* [Source data]:

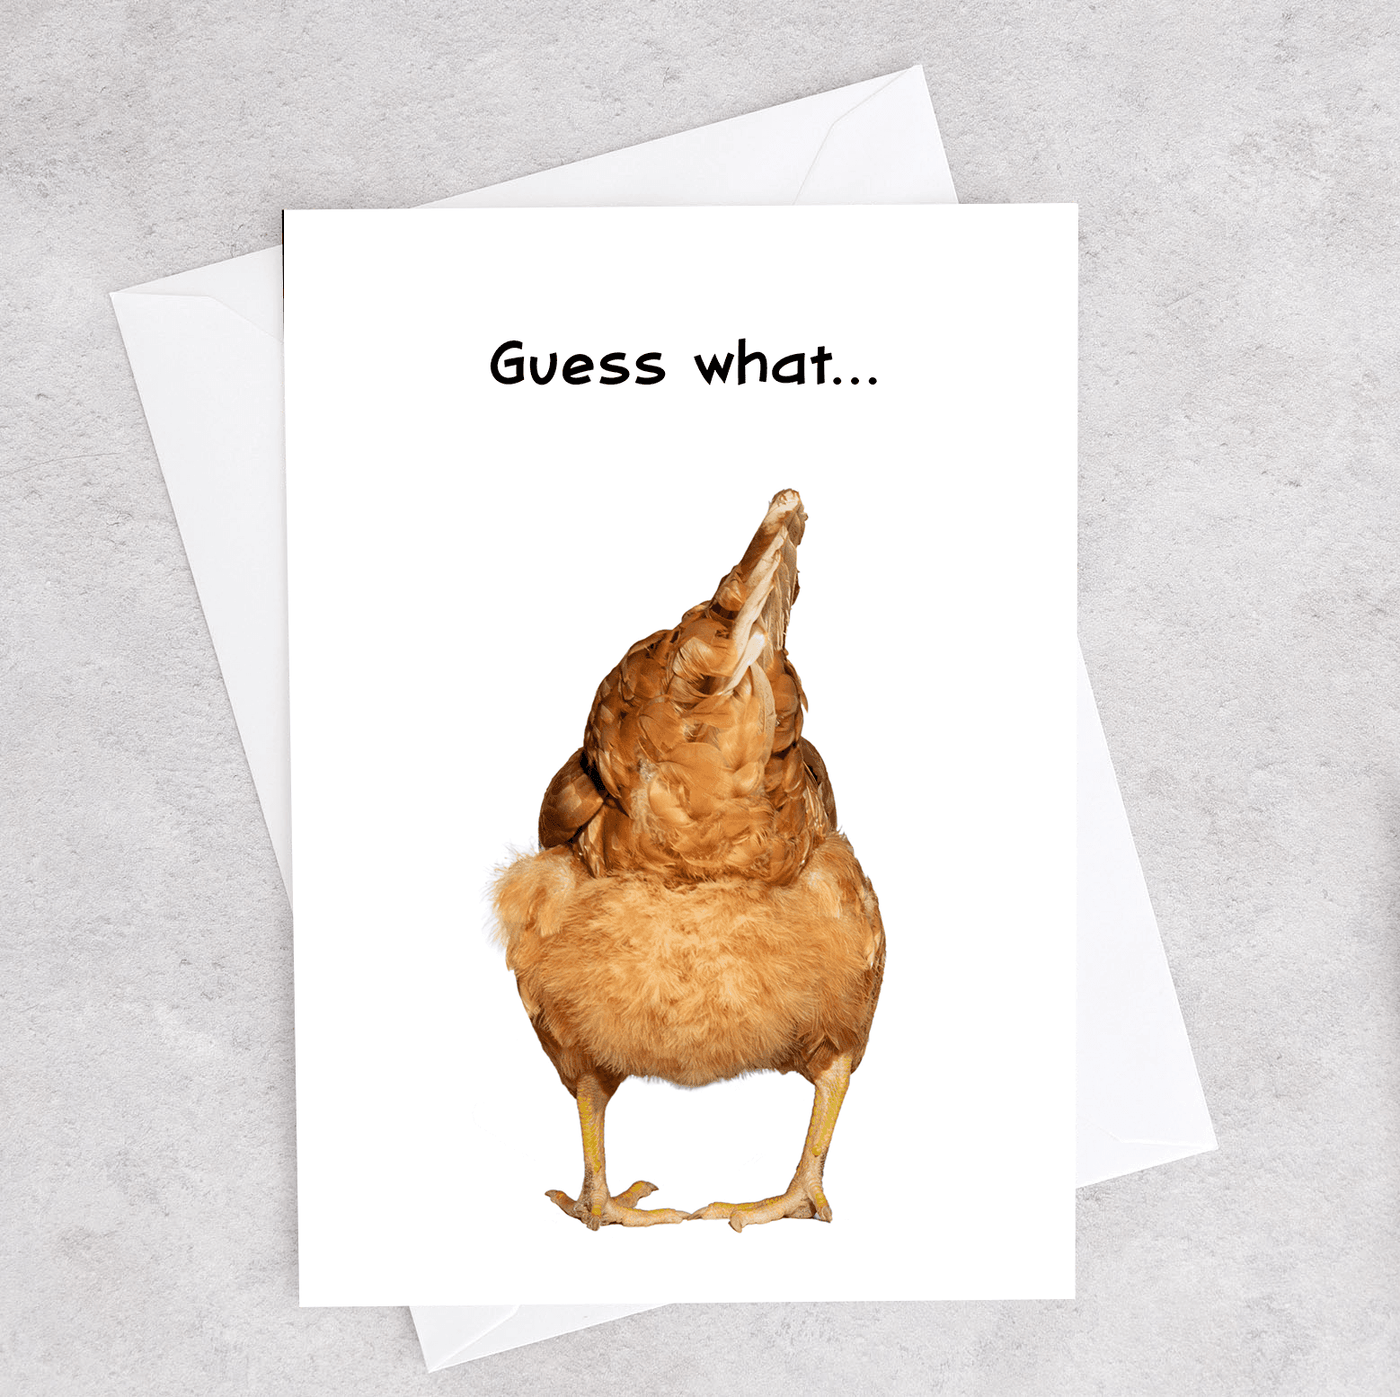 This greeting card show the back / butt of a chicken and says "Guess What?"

...

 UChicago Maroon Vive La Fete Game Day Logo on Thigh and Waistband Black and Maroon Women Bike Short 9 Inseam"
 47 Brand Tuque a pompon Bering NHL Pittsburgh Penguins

* [Your objective]: In the entries above, the lines from the one bearing "UChicago Maroon Vive" up to and including the one bearing "47 Brand Tuque" should be transcribed exactly; no other line is wanted.

* [Task response]:
 UChicago Maroon Vive La Fete Game Day Logo on Thigh and Waistband Black and Maroon Women Bike Short 9 Inseam"
 47 Brand Tuque a pompon Bering NHL Pittsburgh Penguins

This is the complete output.